Imposing sanctions in this way became a lightbulb moment for the global justice movement, stymied by the superpower veto wielded by Russia and China and America in the Security Council against referrals to the ICC, the Plan A for combating human rights abuses by trial and imprisonment of perpetrators. In consequence, international criminal justice had begun to falter, concentrating on Congolese warlords but unable to prosecute Bashar al-Assad or persecutors of the Rohingya or the Tamils, let alone the assassins of Saudi journalist Jamal Khashoggi (the current problems with the Plan A are described in ).
There are unresolved human rights issues in Western countries the Black Lives Matter movement highlighting some current problems and human rights initiatives emanating from them can be superficially condemned as reflecting a superiority associated with colonialism or racial condescension. But if human rights are universal, democratic countries should answer cries for justice by citizens of other countries when those cries have been ignored by their own governments. There can be no sensible objection if democratic nations, using their own domestic law, provide a mechanism for accountability and for asserting their own values by ostracising bad people in other states who are complicit in killings and corruption, but who then want to enjoy the pleasures, and the banking facilities, of the West.
True it is, and an historic and observable fact, that fundamental human rights have arisen in, and tend to be more respected by, liberal democracies. There is no a priori reason why this should be so: anyone living under an illiberal democracy, or communism or in a theocracy or under the sway of authoritarian populism, should be free from torture or assassination or slavery and should, if prosecuted, have independent judges and be given the chance of a fair trial.

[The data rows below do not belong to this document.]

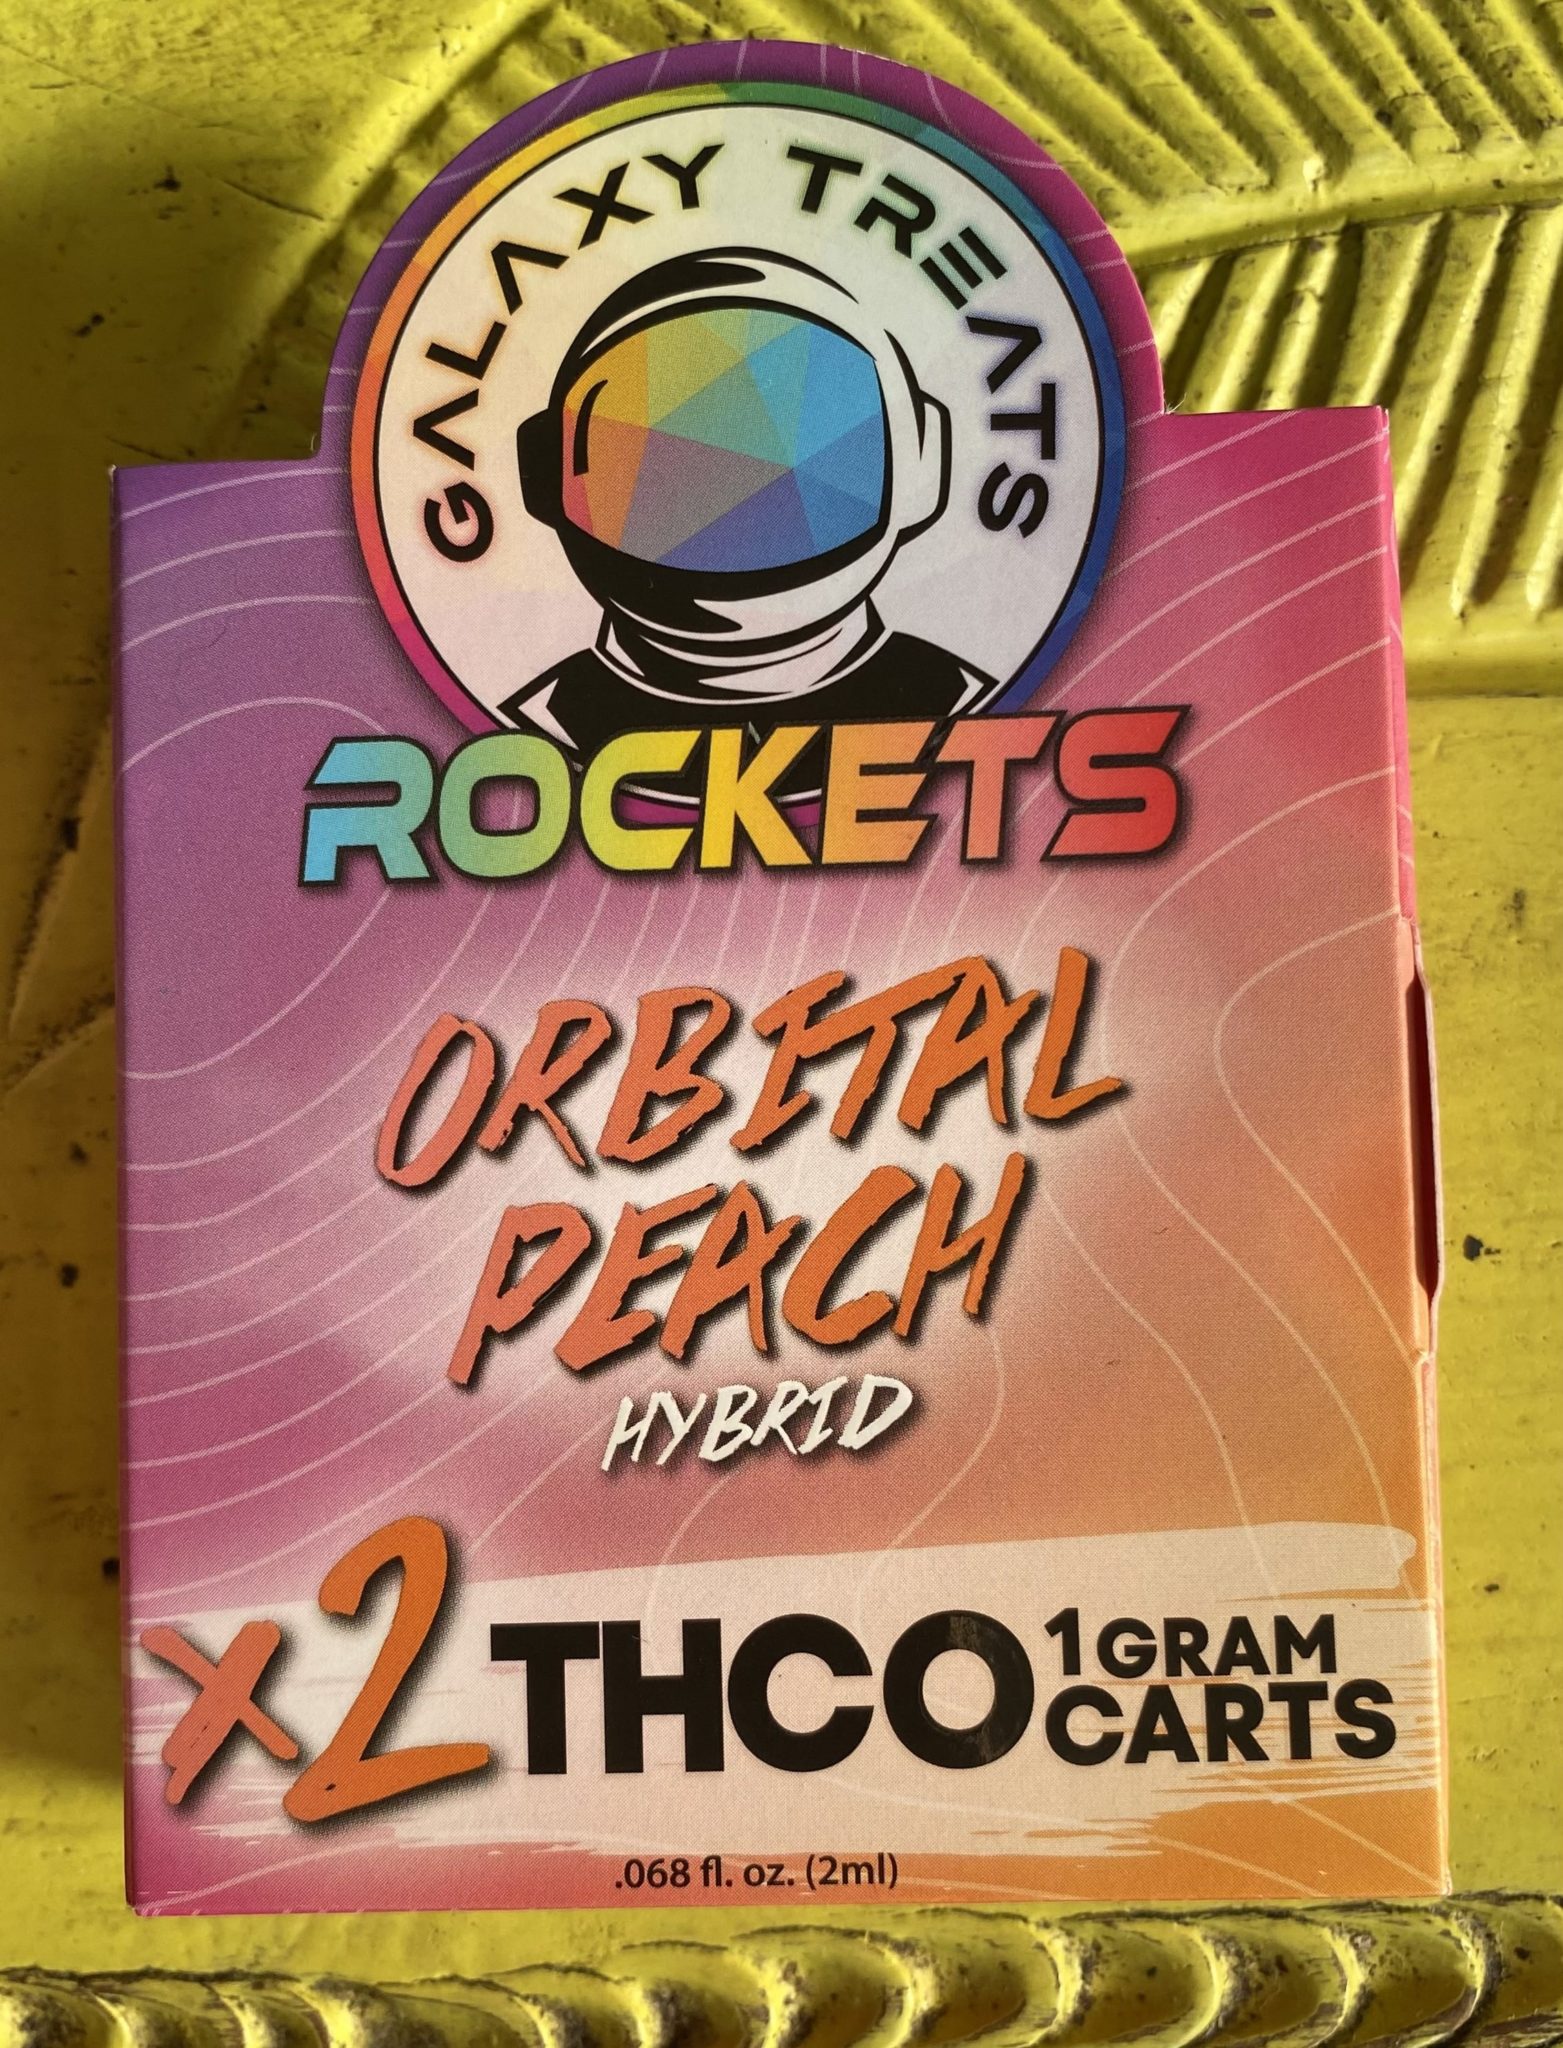 galaxy treats rockets peach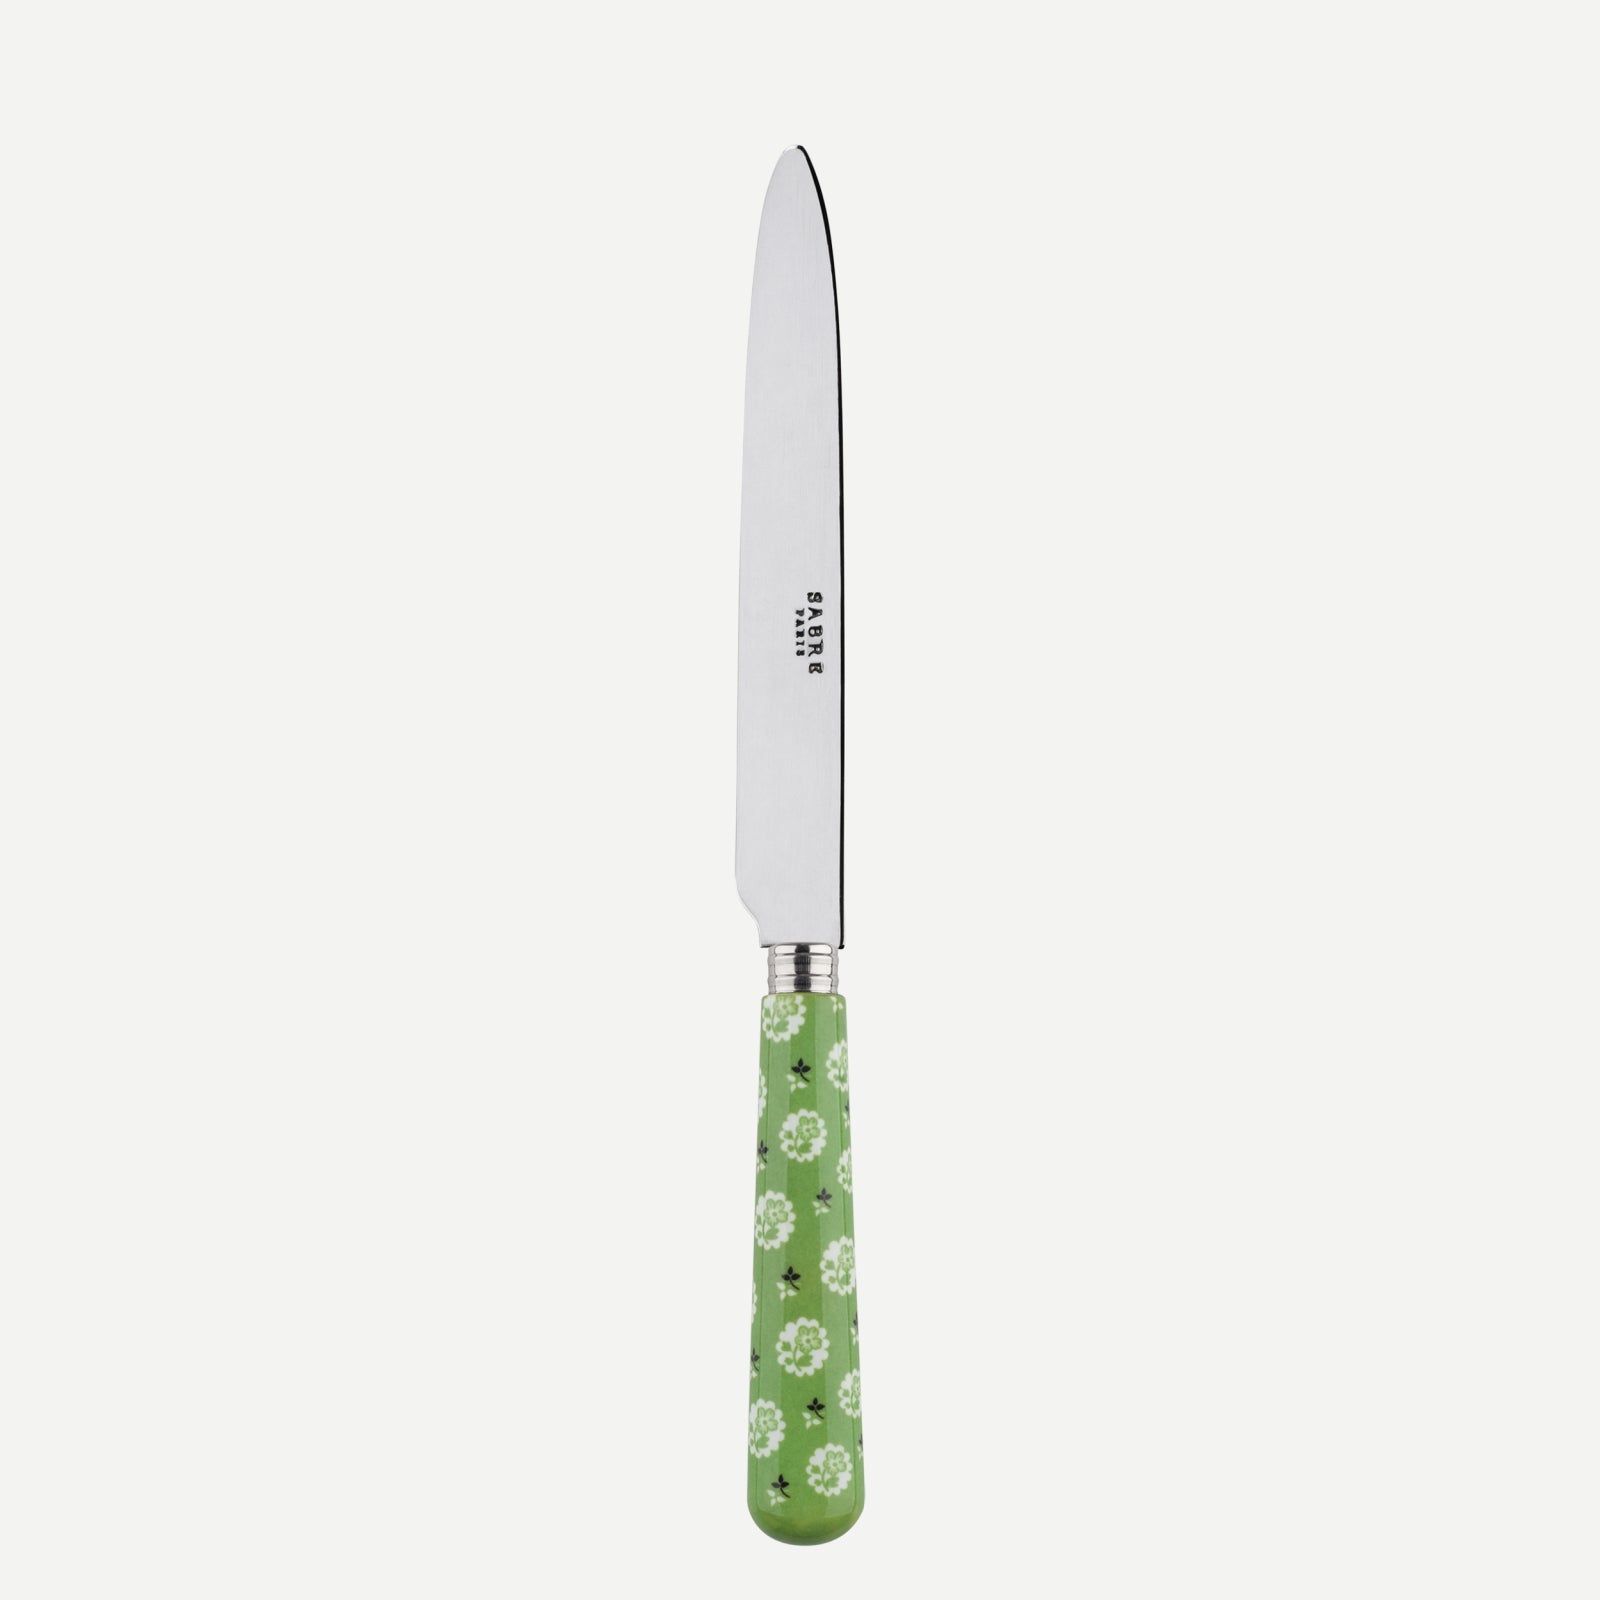 Dinner knife - Provencal - Garden green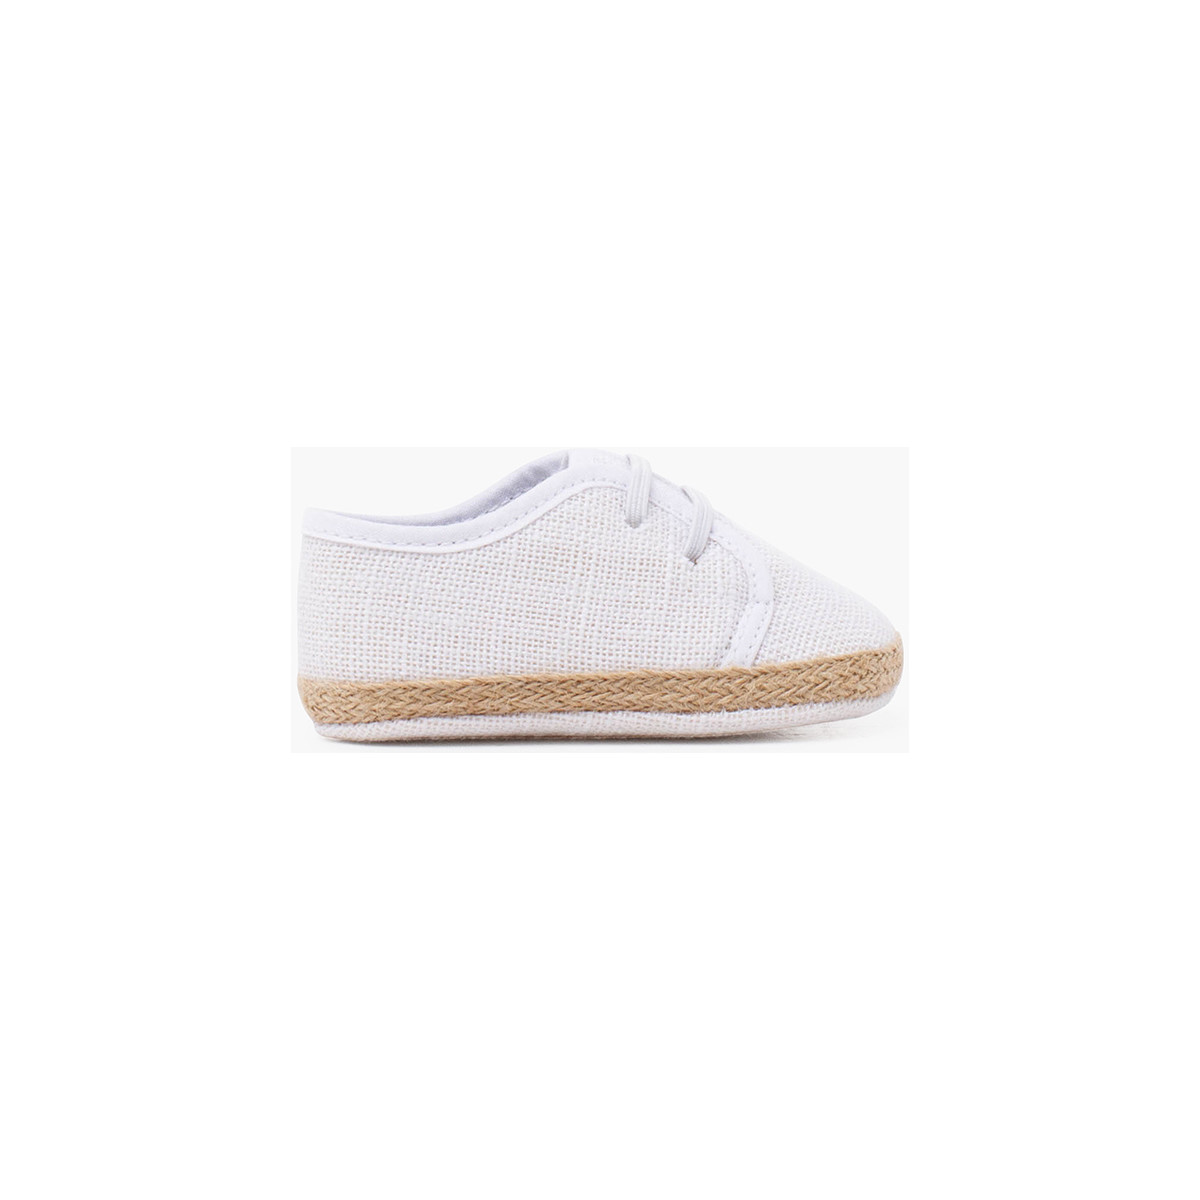 Pisamonas Blanc Chaussures pour bébé en lin et jute avec lacets élastiques 94w2rlq0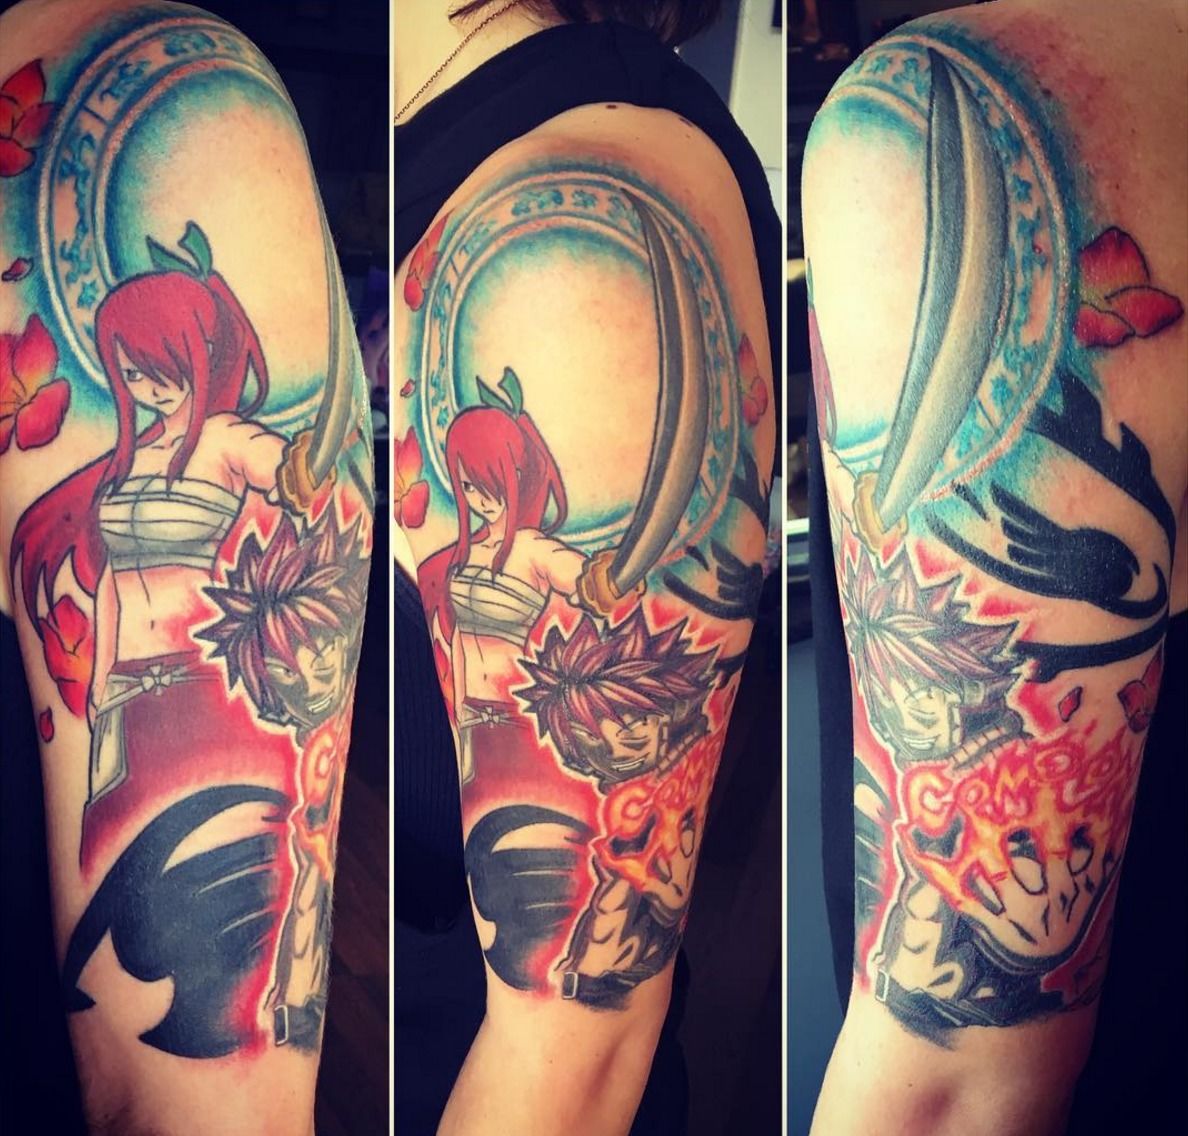 Stunning Fairy Tail Tattoo Ideas

These are not Western values so much as universal values, and countries in the West and anywhere else are entitled to assert them by calling out and throwing out individuals who can be proved to have betrayed them. To do so, in relation to nationals of a particular country, is not (as China always says) an interference in its internal affairs, it is marking a red line in how human beings should be treated. It does not amount to an attack on authoritarian states: it is rather an attack on those apparatchiks of authoritarianism who can be proved to have breached international law. Moreover, this book contends that open societies will have a better future by closing their doors to tainted people and corporations, and their money and property and close associates, and consequently to their malign power and influence.
Do targeted sanctions work? It is too early to say, but there are indications that they do; that they have stopped wealthy targets from doing business in international markets and from travelling to places they crave to visit. One purpose of this book is to argue that these kinds of sanctions must go further, providing real deterrence by preventing family members from travelling to take advantage of schools and hospitals in the West. Such sanctions must be imposed on the train drivers to Auschwitz, those lickspittle judges and prosecutors who unquestioningly do the bidding of autocratic governments, and on the prison doctors who leave prisoners to die, or who oversee torture sessions.